SUPPLIED INFORMATION:
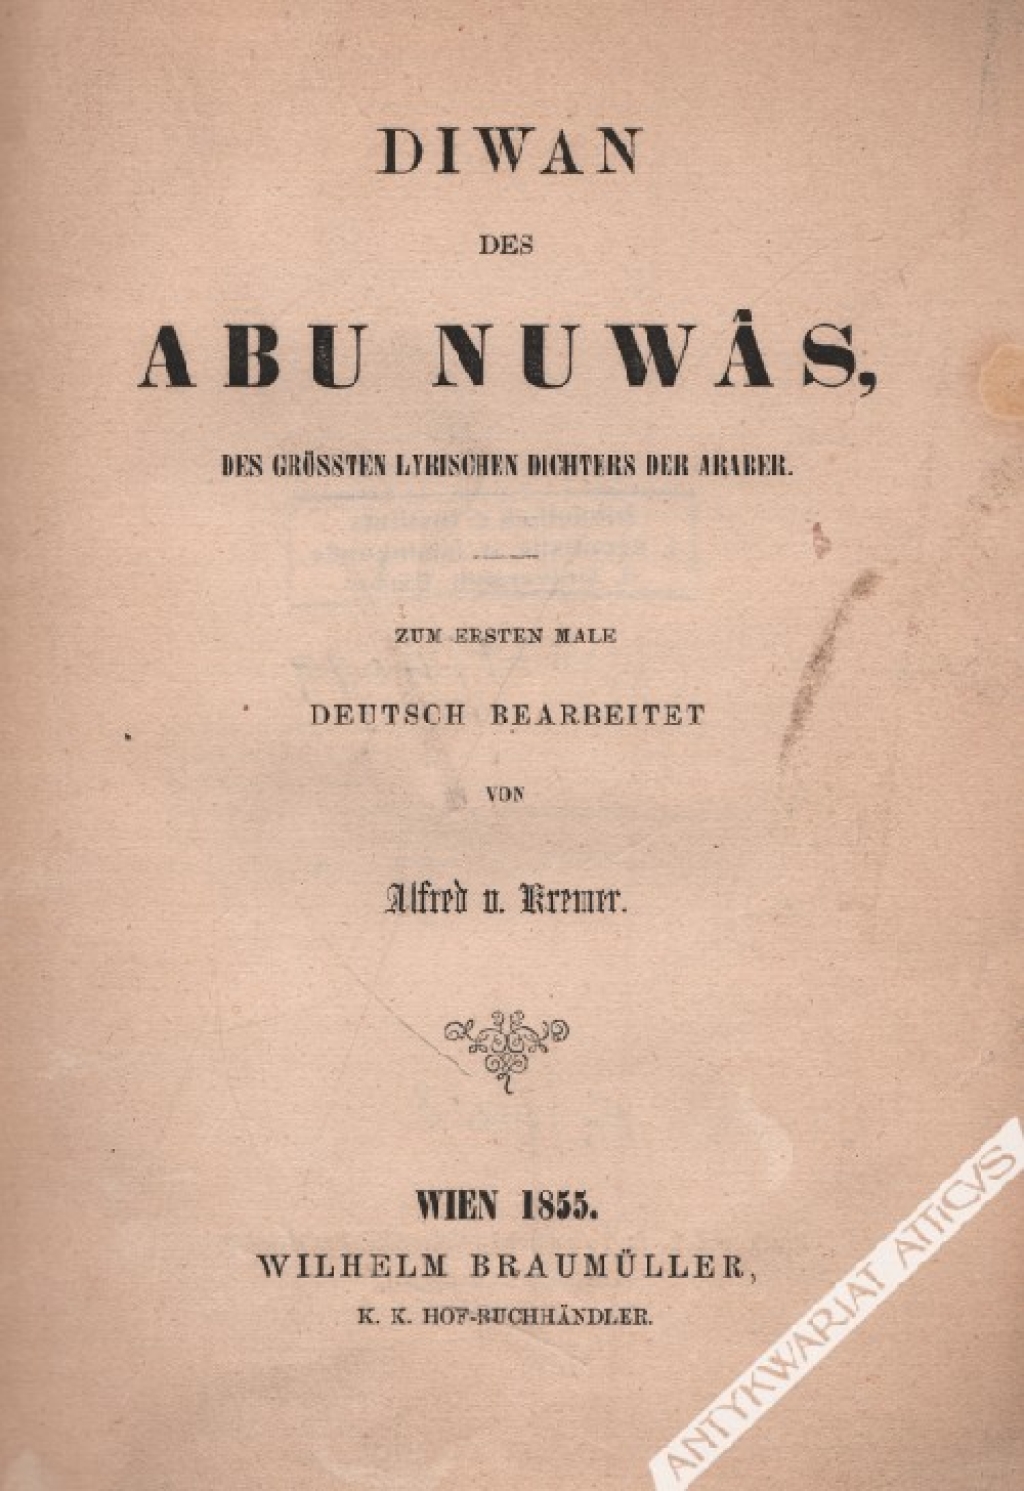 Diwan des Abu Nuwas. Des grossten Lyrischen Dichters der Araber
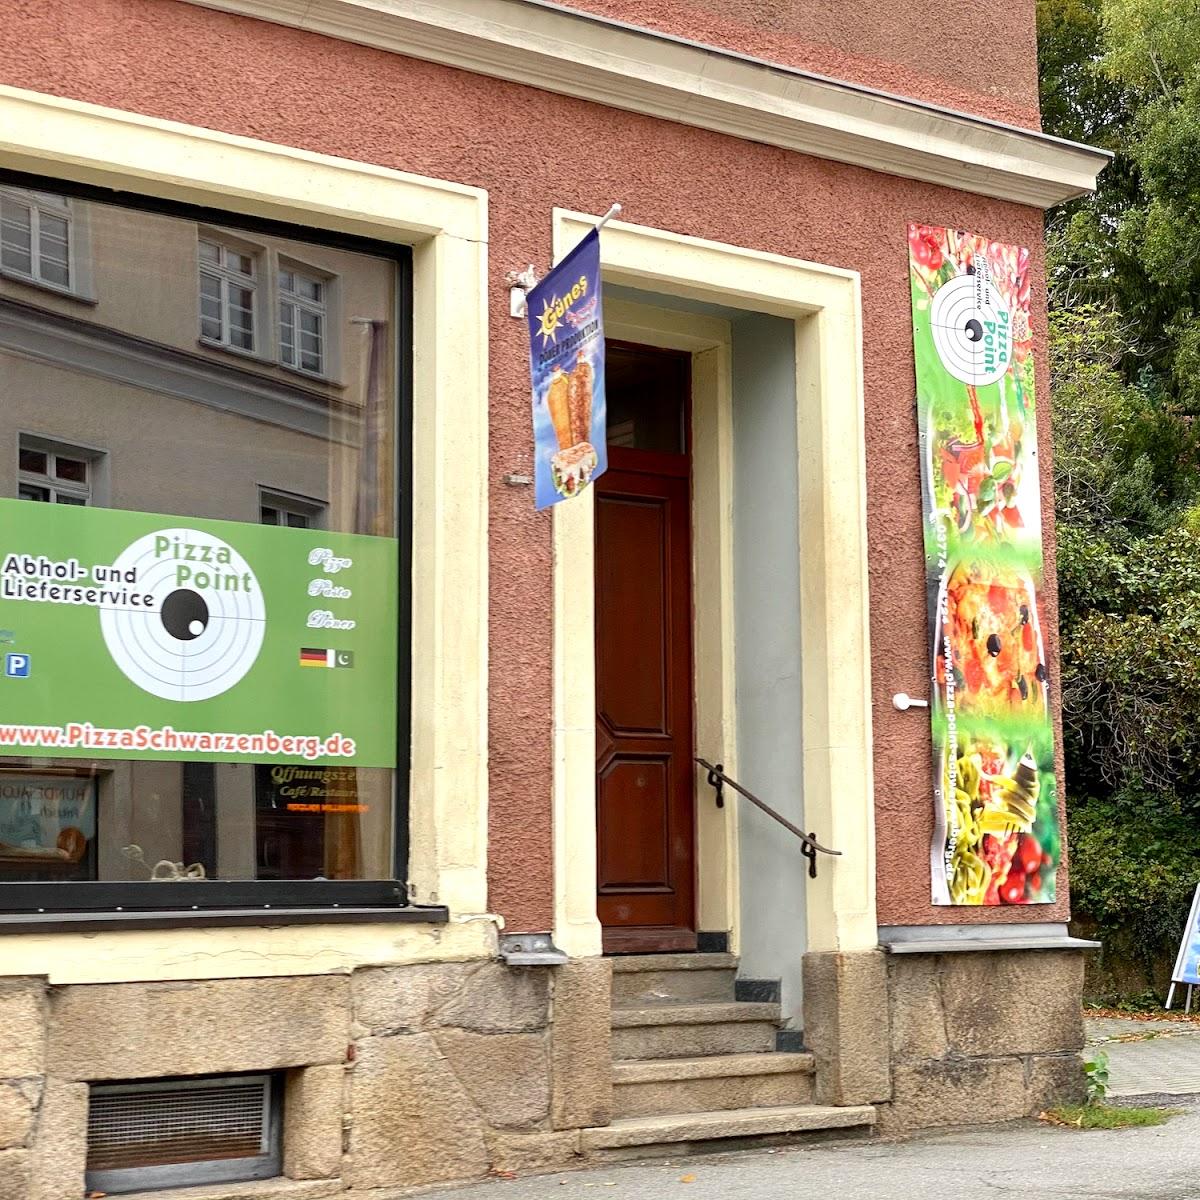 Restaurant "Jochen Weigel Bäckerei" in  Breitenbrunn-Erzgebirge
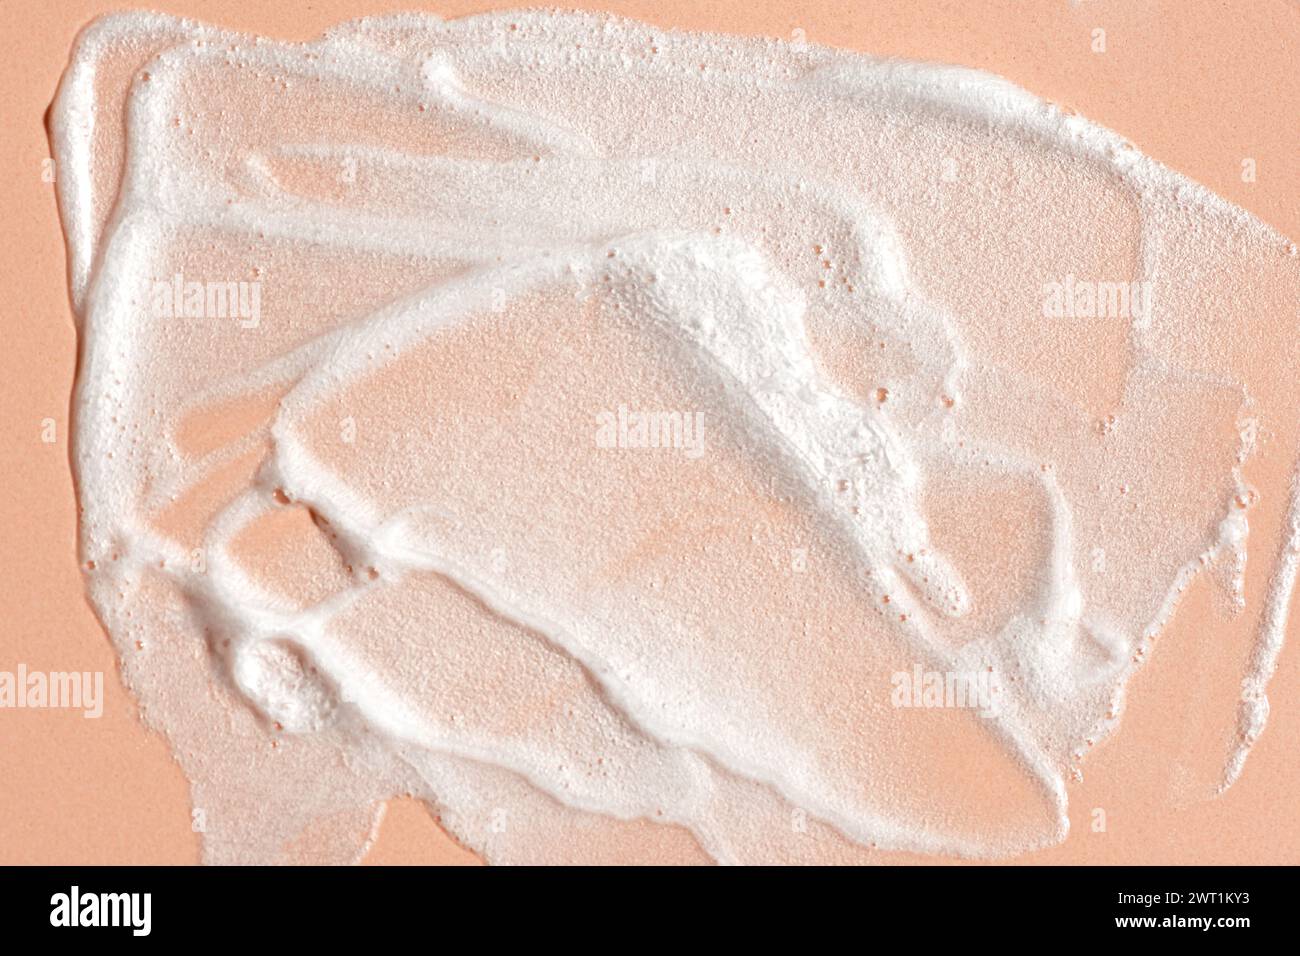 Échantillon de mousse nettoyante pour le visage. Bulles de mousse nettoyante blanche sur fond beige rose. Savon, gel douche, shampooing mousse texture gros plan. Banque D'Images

BRIEF:
Leaving out all pictures, transcribe the listing exactly.

RESPONSE:
 Diwan des Abu Nuwas. Des grossten Lyrischen Dichters der Araber
 Restaurant "Jochen Weigel Bäckerei" in  Breitenbrunn-Erzgebirge
 Échantillon de mousse nettoyante pour le visage. Bulles de mousse nettoyante blanche sur fond beige rose. Savon, gel douche, shampooing mousse texture gros plan. Banque D'Images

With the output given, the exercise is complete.